Jean-Paul Rabaut Saint-Étienne (; 14 November 1743 – 5 December 1793) was a leader of the French Protestants and a moderate French revolutionary.

Biography
Jean-Paul Rabaut was born in 1743 in Nîmes, in the department of Gard, the son of Paul Rabaut. The additional surname of Saint-Étienne was assumed from a small property near Nîmes. His brothers were Jacques Antoine Rabaut-Pommier and Pierre-Antoine Rabaut-Dupuis, both also politically active.

Like his father, he became a Calvinist pastor, and distinguished himself with his zeal for his co-religionists, becoming a spokesman for the Protestant community in France. He worked closely with Guillaume-Chrétien de Lamoignon de Malesherbes, minister to Louis XVI, and with members of the parlement of the Ancien Régime to obtain formal recognition of Protestant civil rights, despite the concerns of some royal advisors.

Officially ending religious persecution in France, Louis XVI signed the Edict of Tolerance on 7 November 1787, and it was registered in parlement two-and-a-half months later (29 January 1788). This edict offered relief to all the major non-Catholic faiths of the time: Calvinist Huguenots, Lutherans, and Jews.
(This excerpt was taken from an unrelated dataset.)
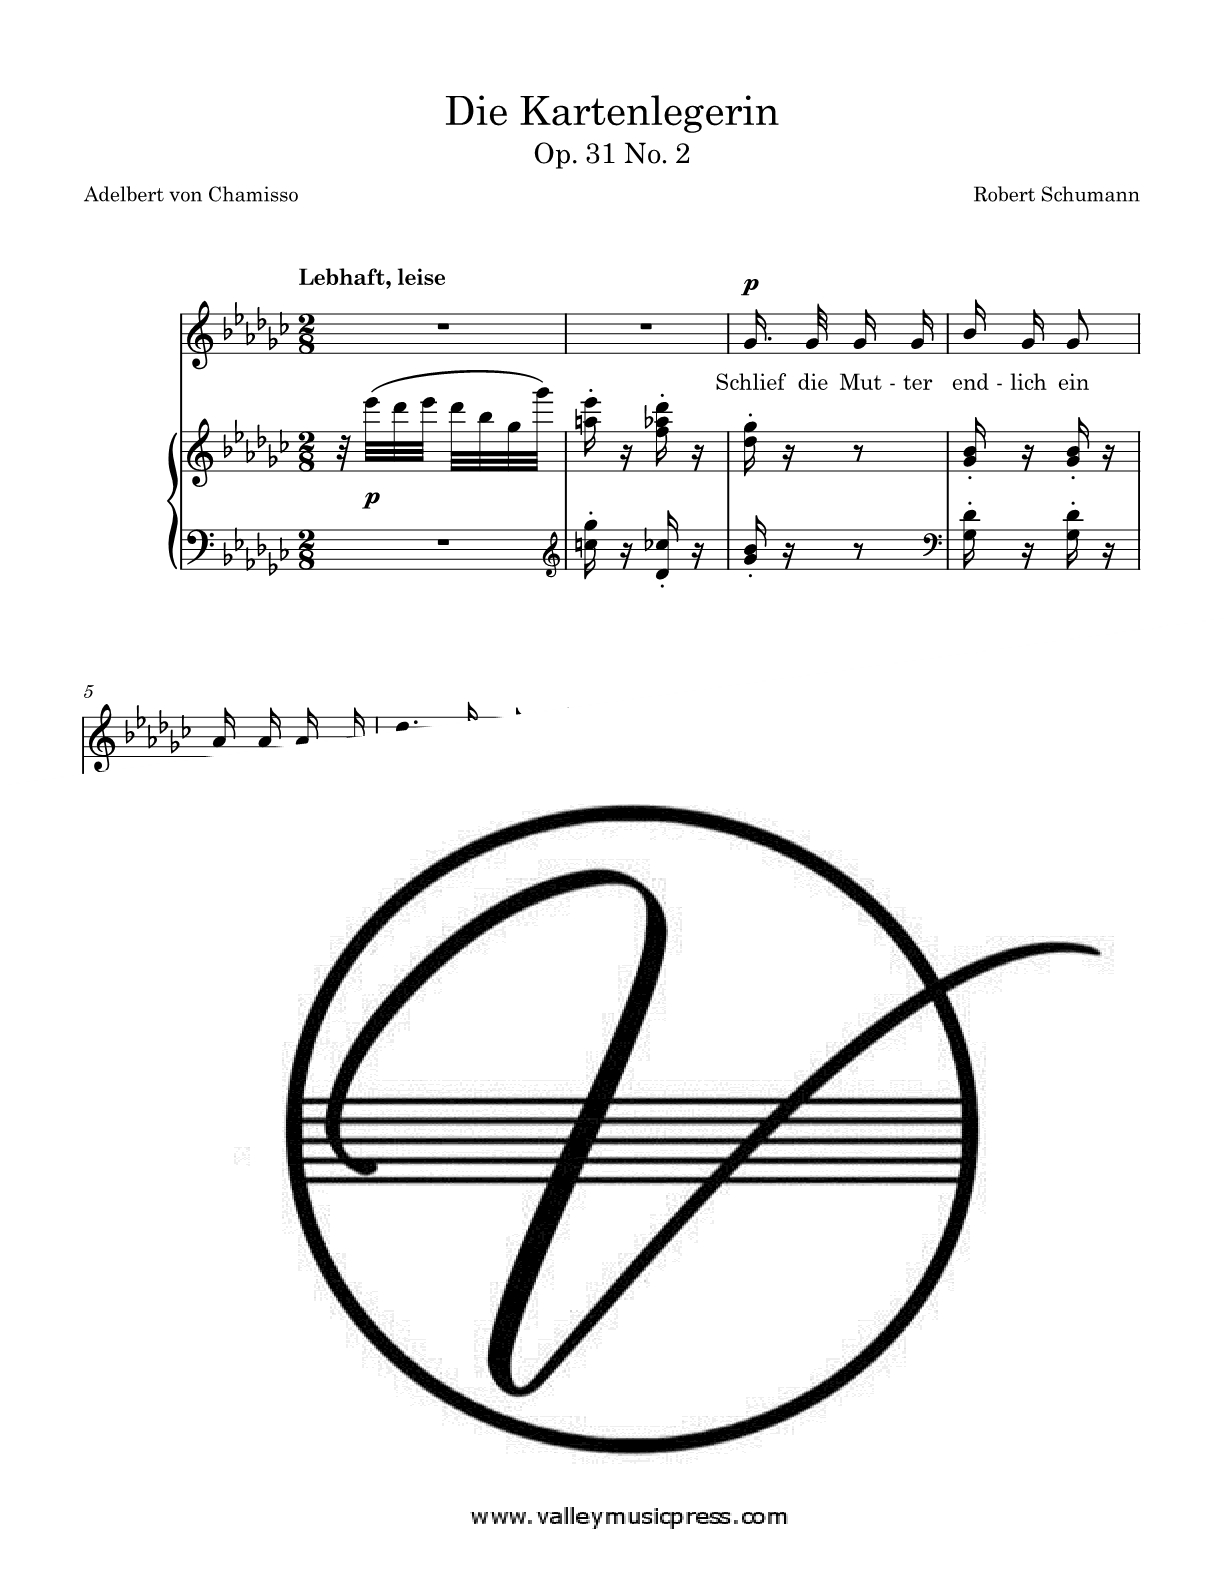 Schumann - Die Kartenlegerin Op. 31 No. 2 (Voice) - Click Image to Close

After more than a century of prohibition, it gave them all civil and legal recognition as well as the right to form new congregations openly.

Full religious freedom had to wait two more years for the Declaration of the Rights of Man and Citizen of 1789, but the 1787 Edict of Tolerance was a pivotal step in subduing religious strife, and it officially ended religious persecution in France.
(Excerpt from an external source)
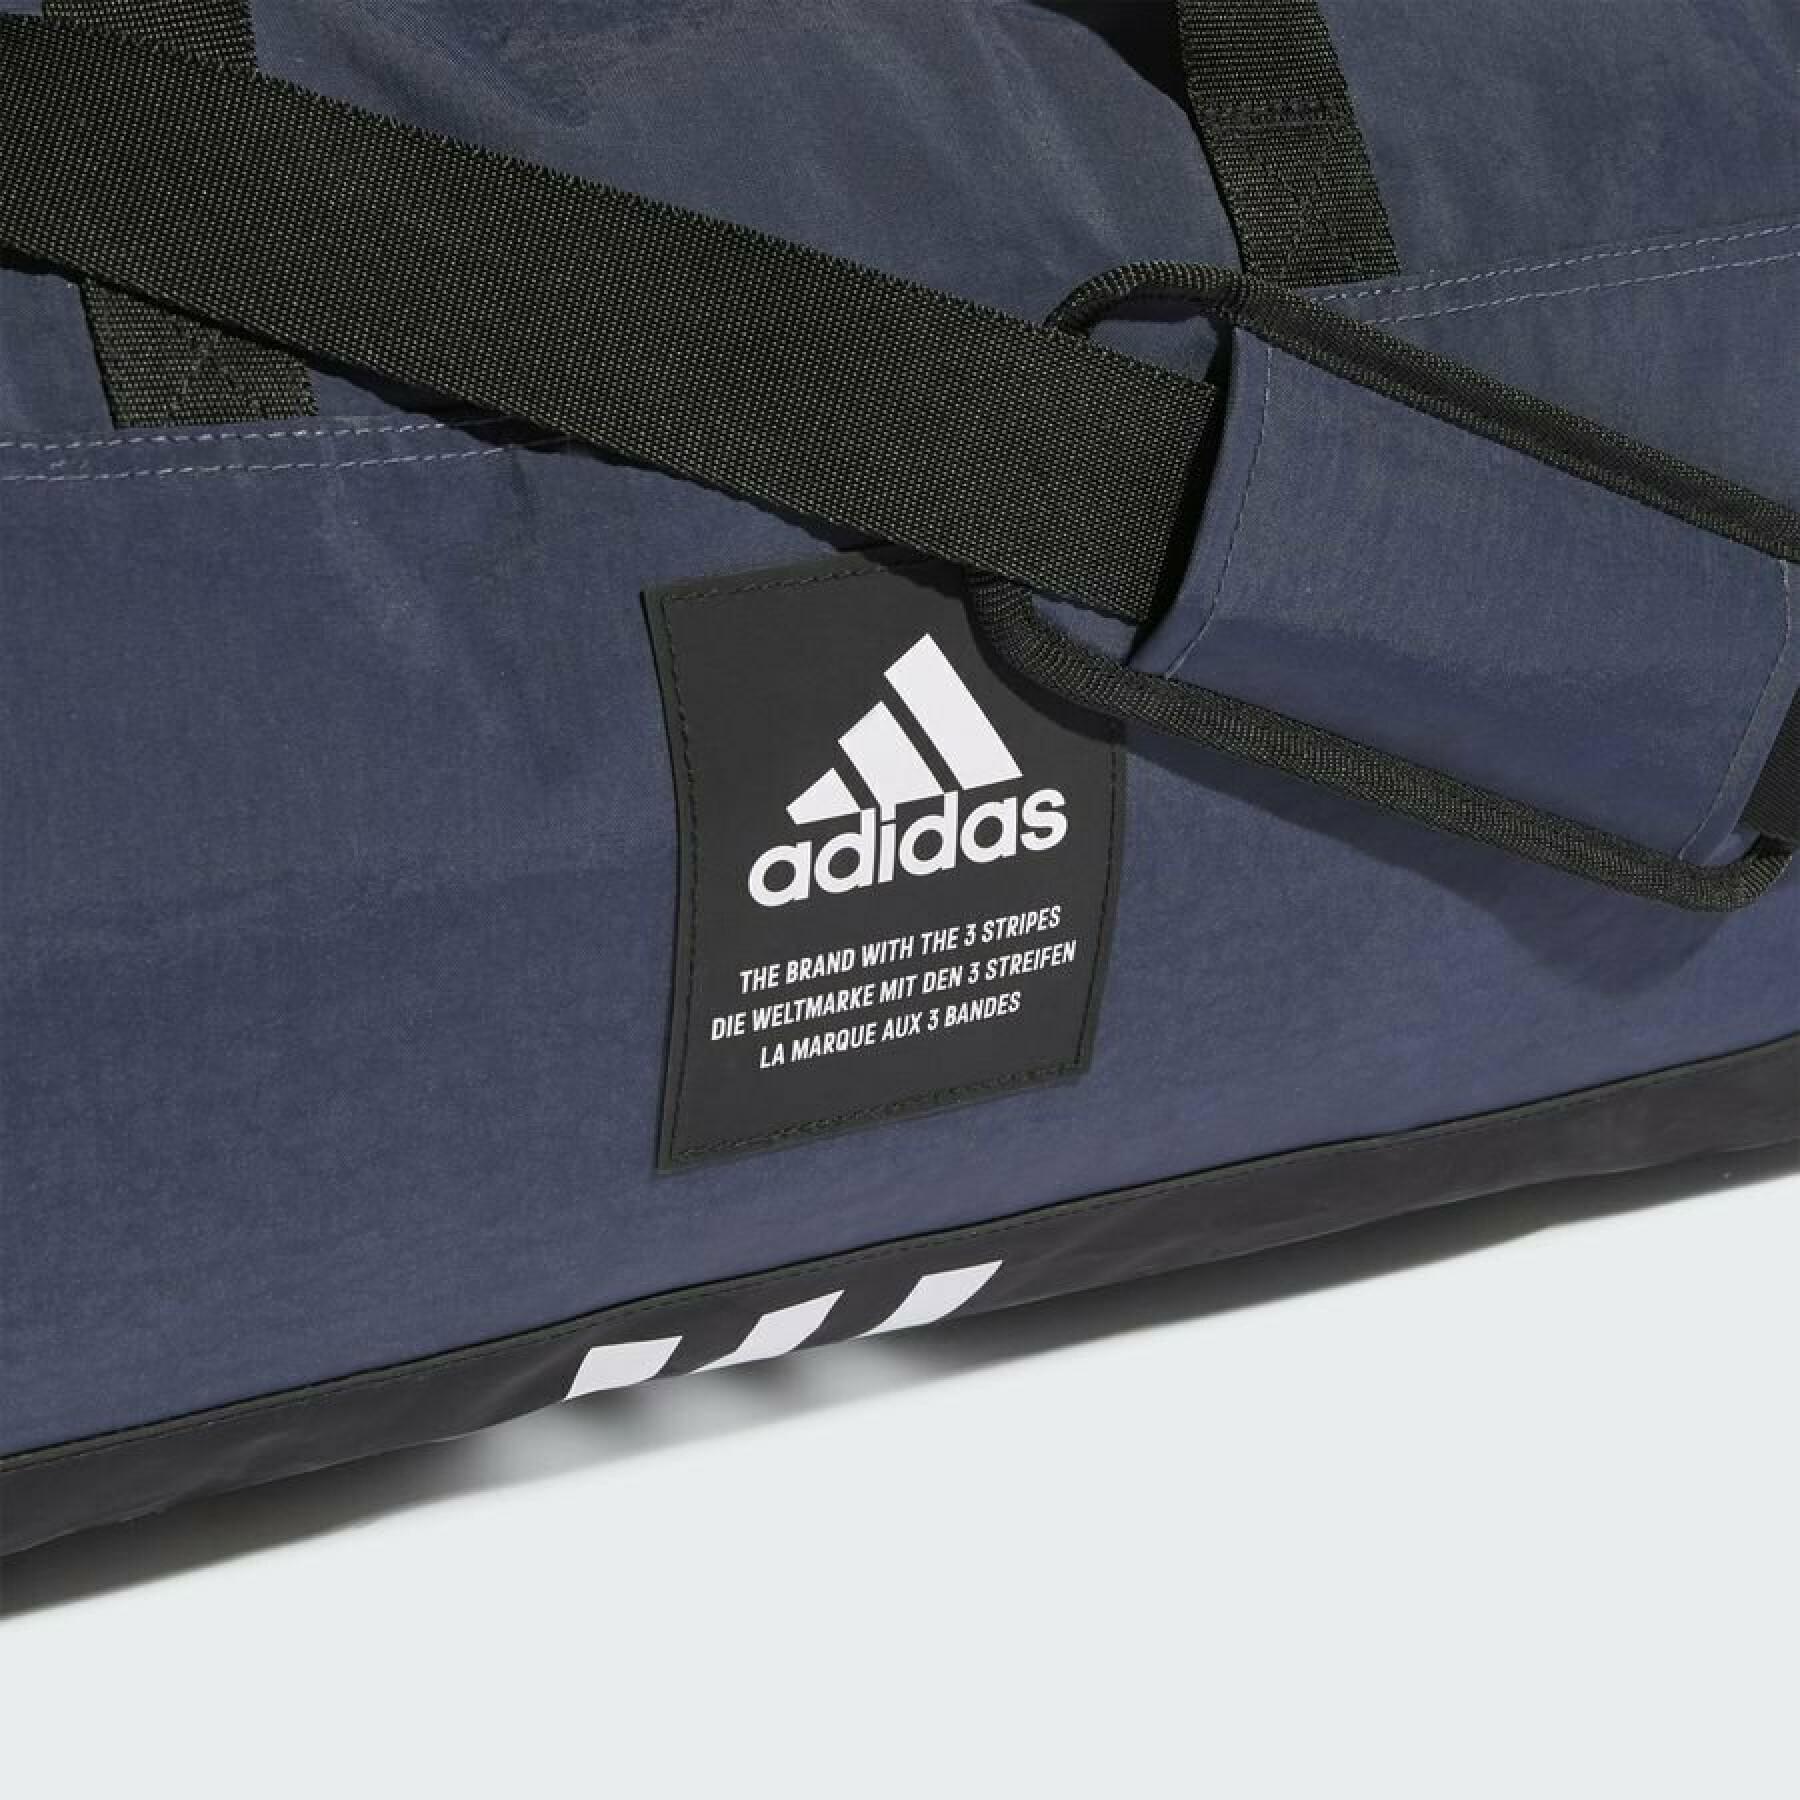 Sports bag adidas 4ATHLTS

Having gained a reputation with his Histoire primitive de la Grèce, Rabaut de Saint-Étienne was elected deputy to the Estates-General of 1789 by the third estate of the bailliage of Nîmes.

In the Constituent Assembly, he worked on the framing of the constitution; he spoke against the establishment of the republic, which he considered ridiculous; and voted for the suspensive veto, as likely to strengthen the position of the Crown. In the Convention, he sat among the Girondists, opposed the trial of Louis XVI, was a member of the Commission of Twelve and was proscribed with his party.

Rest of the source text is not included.